Church Gets Mileage From Its Gas Subsidy

A Tustin service station sells gas at $1.67 a gallon for a day, underwritten by a congregation that wanted to get its message out to motorists.

August 22, 2004|Kevin Pang | Times Staff Writer

Hear 1 Corinthians, get 87 octane.

In an effort to get people -- figuratively and literally -- pumped for Christ, the Main Place Christian Fellowship offered $1.67-a-gallon gasoline at a Tustin service station Saturday, 40 cents off the regular price.

The catch? There really wasn't one. Church members in matching yellow shirts handed out bottled water, wiped windows and passed out literature as motorists waited at the Shell station at Red Hill Avenue and El Camino Real.

They said the subsidized gas campaign is a way to spread the word while promoting their 500-plus-member church.

"Galatians 6:10 says 'Do good to all men,' " volunteer Wendy Perlin said, a stack of Gospel of John booklets in her hands. "And all men and women go to the gas station. It's just a way to bless the community."

Senior Pastor Rich Mathisrud had read about a Kansas City church that tried the idea and thought it would work well in Southern California.

Mathisrud contacted Vahe Hovnanian, a Christian and manager of Sam's Shell next to the church. Hovnanian was taken with the idea.

"It's a win-win situation for God, for our customers and for us," Hovnanian said. "And in that order."

Over the last five weeks, church members raised $5,000 for the event. On Friday, the church handed over a check, enough to cover the 40-cent difference for more than 12,000 gallons of gas.

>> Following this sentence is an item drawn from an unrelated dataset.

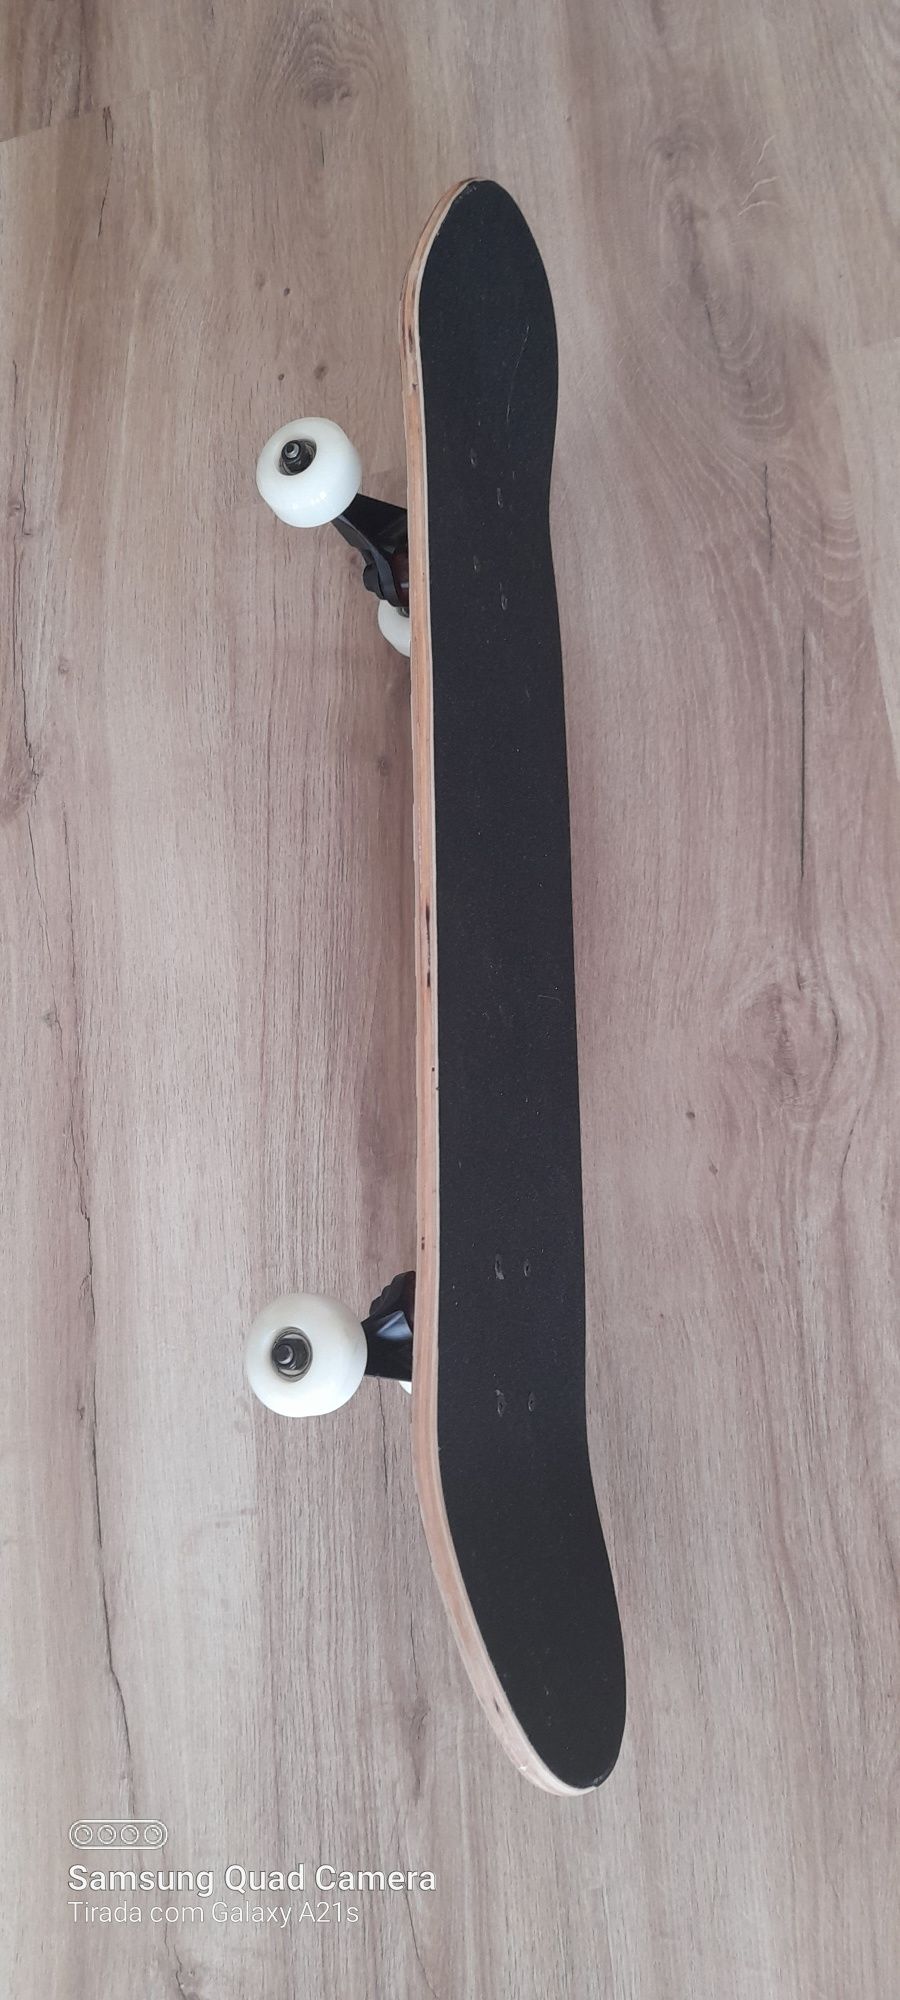 Vendo Skateboard novo

About 9:30 a.m. Saturday, Hovnanian changed the plastic $2.07-a-gallon sign for low-grade gas to $1.67.

And vehicles began lining up.

Mike Raphael drove from Corona -- 50 miles round trip -- after hearing about the promotion. He was greeted by a smiling Perlin.

"So you're getting blessed today with cheap gas," she told Raphael.

"And I'm getting blessed every day," he replied.

Over at Pump 3, Shay Jefferson's reaction to her $14.92 bill was two "wows."

Leonard Coleman was also in high spirits after topping off. He had received a tip from his son earlier in the morning.

Church youth director Leanne Grant said the No. 1 question was why they were doing this. Her answer: "This is a practical way to show Jesus' love and meet the needs of the community."

Organizers estimated more than 600 vehicles filled up Saturday. But the church spent only half of the $5,000, so they plan to do the promotion again in September.

At the Mobil station across the street, where prices remained above $2, clerk Nicole Beck had a clear view of the scene -- mainly because there weren't many vehicles at her station blocking the view. "It's been a little slow," she said. "It's hurt our business just a bit."